Maar zoo luidt nog de roepstem des Heeren tot elken zondaar: „Behoud u naar Christus henen, opdat gij niet omkomt.” Ook tot u, die onbekeerd zijt, komt de vermaning: Behoud u naar Christus henen, opdat gij niet omkomt. ’t Is de Heere Zelf, Die het u weer laat toeroepen en nog geen lust heeft in uw verderf. O, sla zijn roepstemmen niet in den wind! Indien gij op zoo groote zaligheid geen acht geeft, blijft er geen slachtoffer over voor de zonden maar een schrikkelijke verwachting des oordeels en een hitte des vuurs, dat de tegenstanders zal verslinden. Als er êéne geschiedenis is in Gods Woord, die ons het woord des Heeren bevestigt, dat het vreeselijk is voor den goddelooze en zondaar om te vallen in de handen des levenden Gods, en dat de rechtvaardige nauwelijks zalig wordt, dan is het wel de geschiedenis van Sodom. . . . en van Lot. Ja, nauwelijks zalig! Dat mag wel het opschrift zijn boven Lots geschiedenis, maar ook boven de levensgeschiedenis van al Gods kinderen, al wordt het bij den eenen meer duidelijk aanschouwd dan bij den ander!
Moet gij dat niet reeds belijden, gij die aanvankelijk uit het Sodom der wereld door God uitgeleid werd? Klinkt niet telken dage u bij vernieuwing in de ooren: Behoud u naar Jezus henen, opdat gij niet omkomt? Moet ge niet elken dag weer bij vernieuwing vluchten naar den Rotssteen Jezus Christus, om beveiligd te zijn tegen de dreigende oordeelen Gods? Immers gij moet het belijden, dat ook gij door uwe zonden den dood verdiend hebt, en dat ge, zelfs na ontvangene genade, de schuld nog dagelijks meerder maakt.

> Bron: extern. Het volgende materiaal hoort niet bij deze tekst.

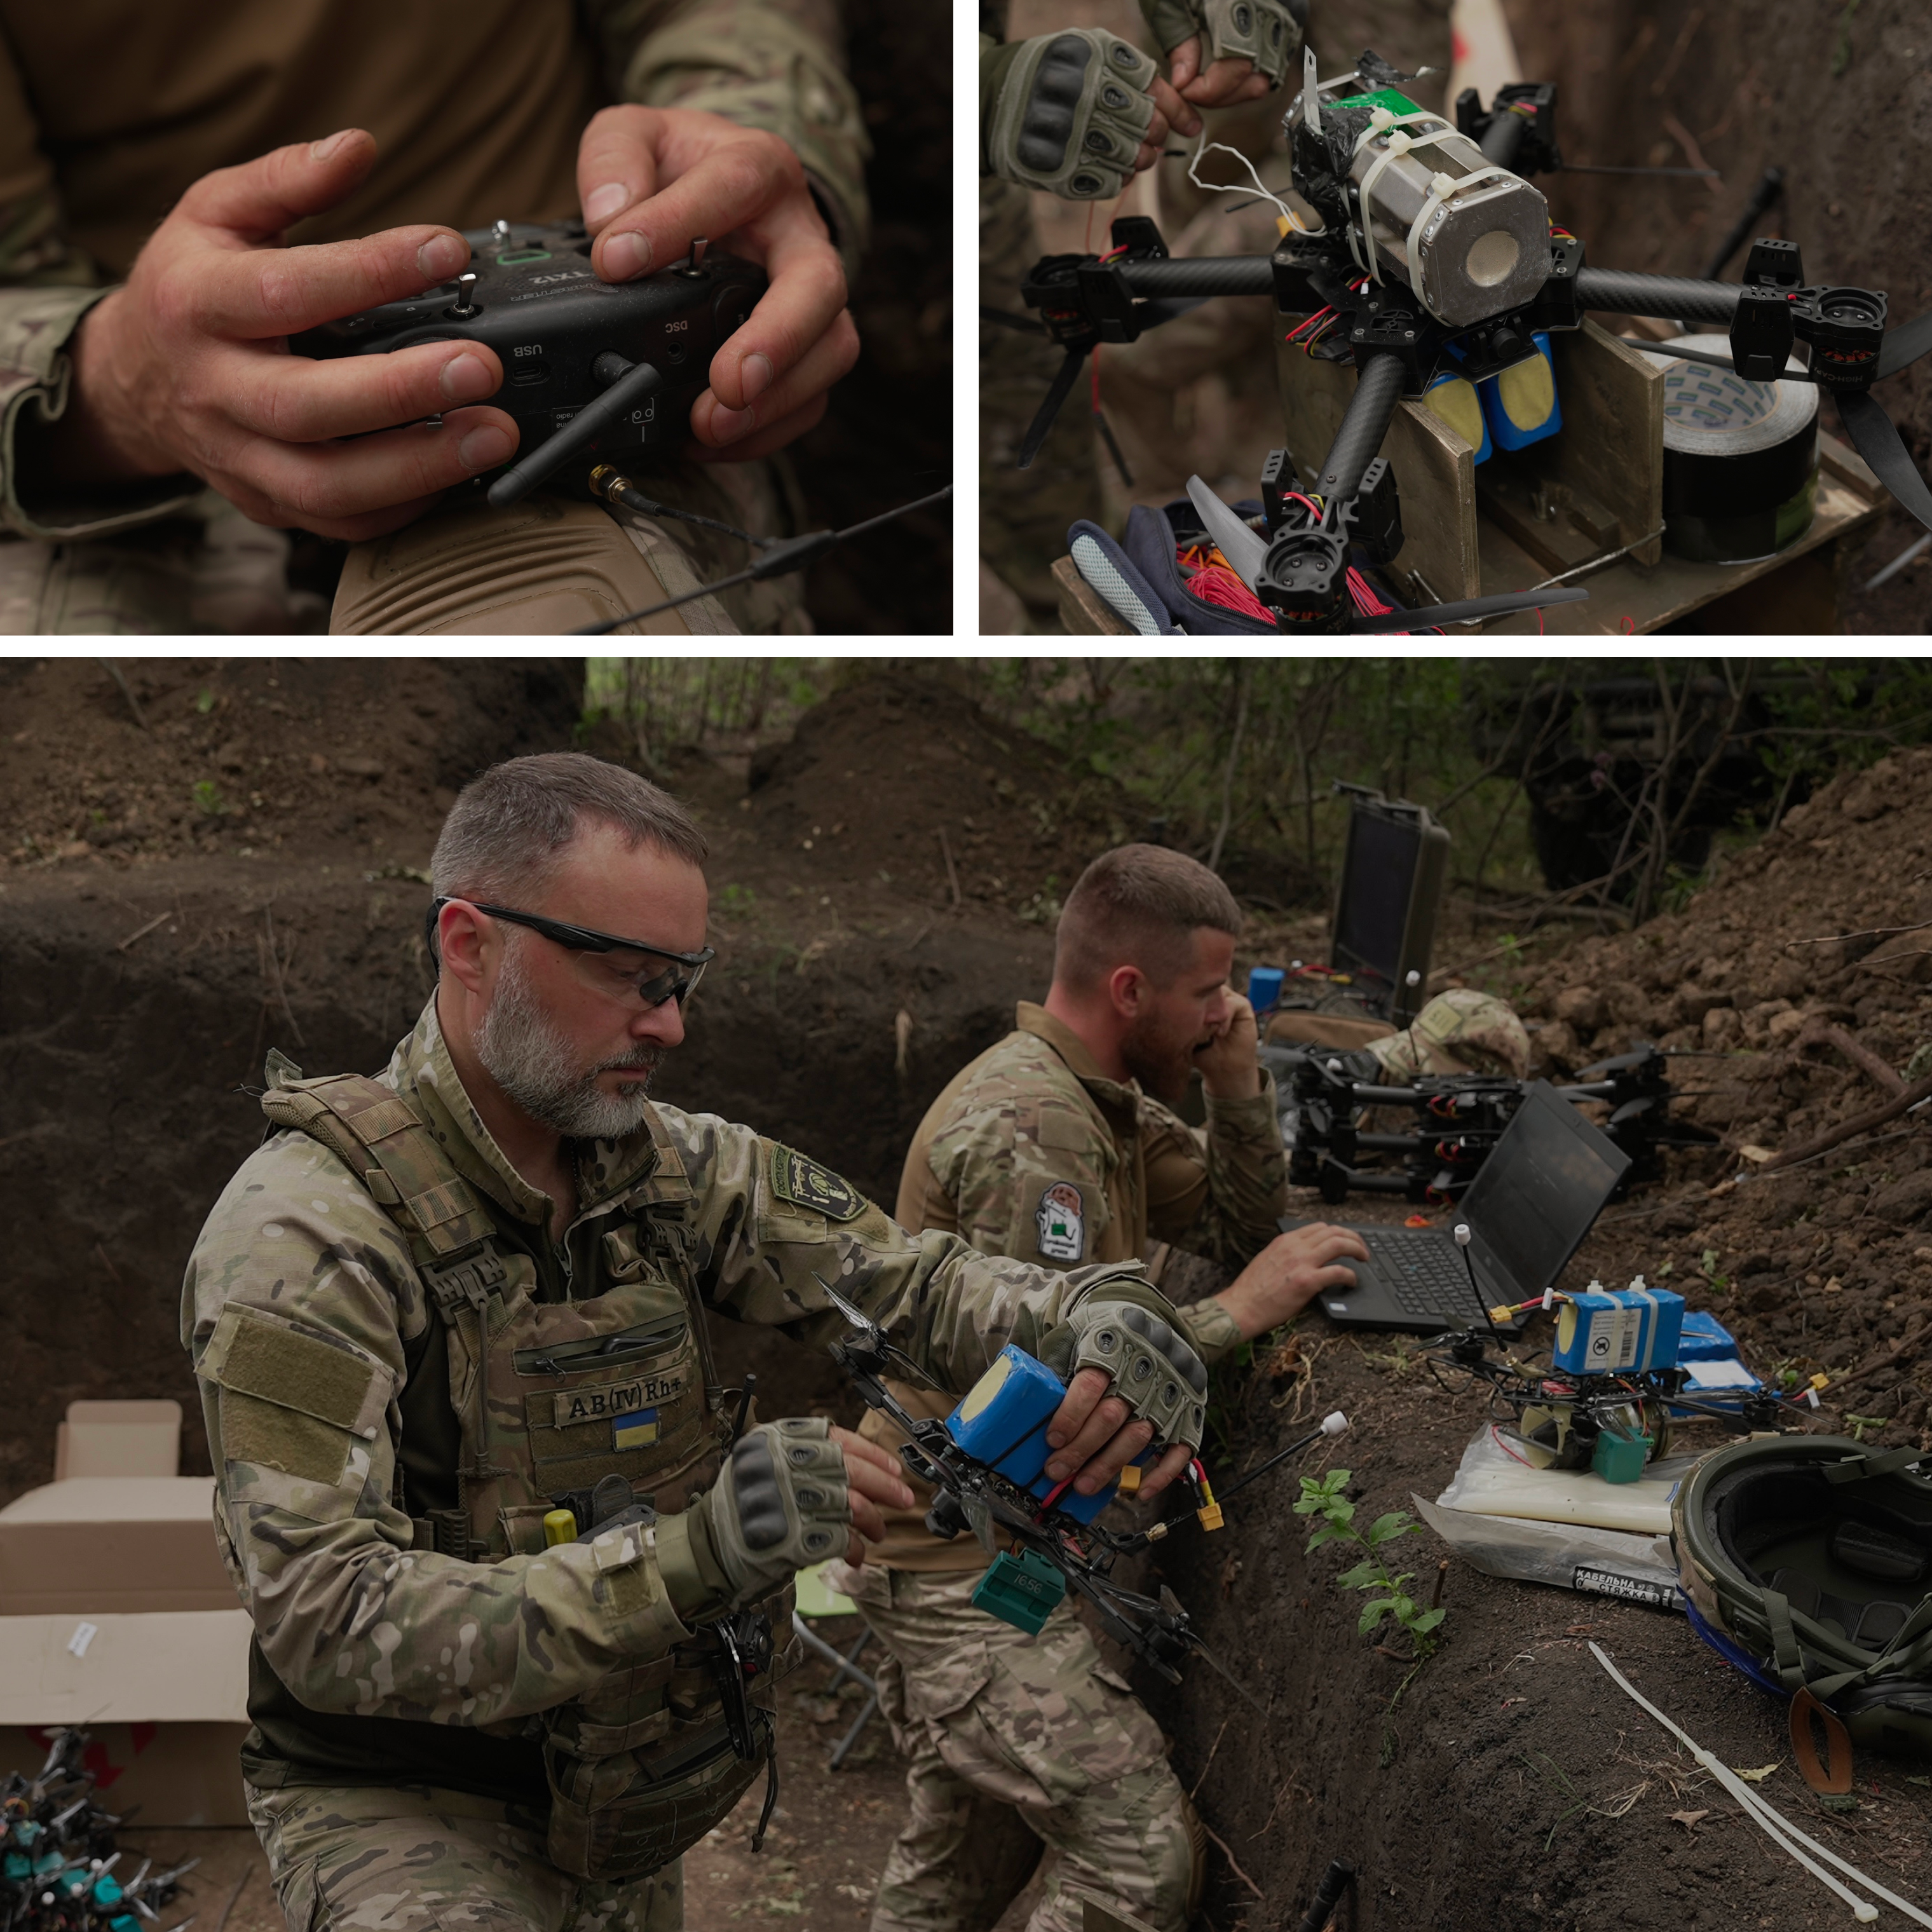 A grid of photos showing soldiers in a ditch dug into soil controlling small drones with laptops and controllers

O! waar zoudt ge u bergen, indien gij niet vluchten kondt naar de door God Zelf aangewezen schuilplaats tegen de oordeelen Gods, n.l. Jezus Christus, Die u beveiligen kan voor het vlammend vuur van Gods oordeelen, omdat Hij Zelf dat oordeel, dat u moest treffen, op Golgotha opgevangen heeft; en er onder door gegaan is, om u er van te bevrijden. En zijt gij nu bij aanvang door Hem gered en in Hem geborgen, het zal uw dagelijksche behoefte zijn om steeds meer door Hem gered te worden, en in Hem geborgen te worden voor de dreigende oordeelen Gods, die eens in den jongsten dag over de gansche wereld komen zullen.
De voorteekenen daarvan worden dagelijks reeds gezien in de oordeelen, die de Heere in dezen tijd over de wereld en hare inwoners, uitgiet. Wat al gerichten gaan er over de aarde, die de harten der menschenkinderen met vreeze en ontzetting vervullen over de dingen die komen zullen. Dat kan ook den ontdekten zondaar bij oogenblikken met vreeze vervullen. Hoe noodig is het dus in Christus geborgen te zijn, en dagelijks, gelijk ons Doopsformulier zegt: de wereld te verlaten en in een nieuw godzalig leven te wandelen. Hoe gevaarlijk het is in die wereld te leven, zien we aan Lot. Door de begeerlijkheid overmand, heeft hij Sodom tot zijn woonplaats gekozen. Maar nu moet hij ondervinden, dat het schoone van deze wereld ons in vreeselijk gevaar brengt. Ach Gods kind begeert soms ook iets van hetgeen die wereld bezit. En hij beseft niet dat hij zich daardoor in namelooze gevaren stort. Helaas! ook de aanvankelijk begenadigde kan door eigen schuld in de strikken van zonde en wereld verward raken, evenals Lot? Want zeker! Lot is een geloovige! Ofschoon bij oogenblikken de gedachte ons bekruipt: zou het wel waar zijn? de Schrift telt hem onder de keurlingen Gods, als zij zegt, dat hij dagelijks zijn rechtvaardige ziel gekweld heeft bij het zien van Sodoms ongerechtigheid en dat hij vermoeid was van hun ontuchtigen wandel, 2 Petr. 6:7—9. Maar als wij met de wereld wenschen te leven en te genieten, zijn we in gevaar om met de wereld om te komen. Dat ondervond ook Lot. Wat een ure van angst en benauwdheid was het voor hem, toen Sodom door de vlammen van Gods toorn verteerd werd. Wat hem onderscheidde van en redde uit het oordeel was alleen Gods genade, die nooit laat varen de werken zijner handen! Wondere trouwe en genade Gods, die de voorwerpen zijner ontferming, niettegenstaande al hunne dwaasheden, redt en behoudt, en ze niet alleen heenwijst naar de Rots der ontkoming, Jezus Christus, maar ze ook zelf door Zijn Geest er heenleidt, zoowel bij aan- als voortgang en hen telkens bij vernieuwing toeroept: „Behoudt u naar het gebergte der behoudenis; naar Christus henen; opdat gij niet omkomt.” Welgelukzalig de zondaar, die een voorwerp mag zijn van zijne genade, en eeuwig in Christus mag geborgen zijn, zoodat hij niet omkomt.

v.d. B.

Dit artikel werd u aangeboden door: De Wekker

Deze tekst is geautomatiseerd gemaakt en kan nog fouten bevatten. Digibron werkt voortdurend aan correctie. Klik voor het origineel door naar de pdf. Voor opmerkingen, vragen, informatie: contact.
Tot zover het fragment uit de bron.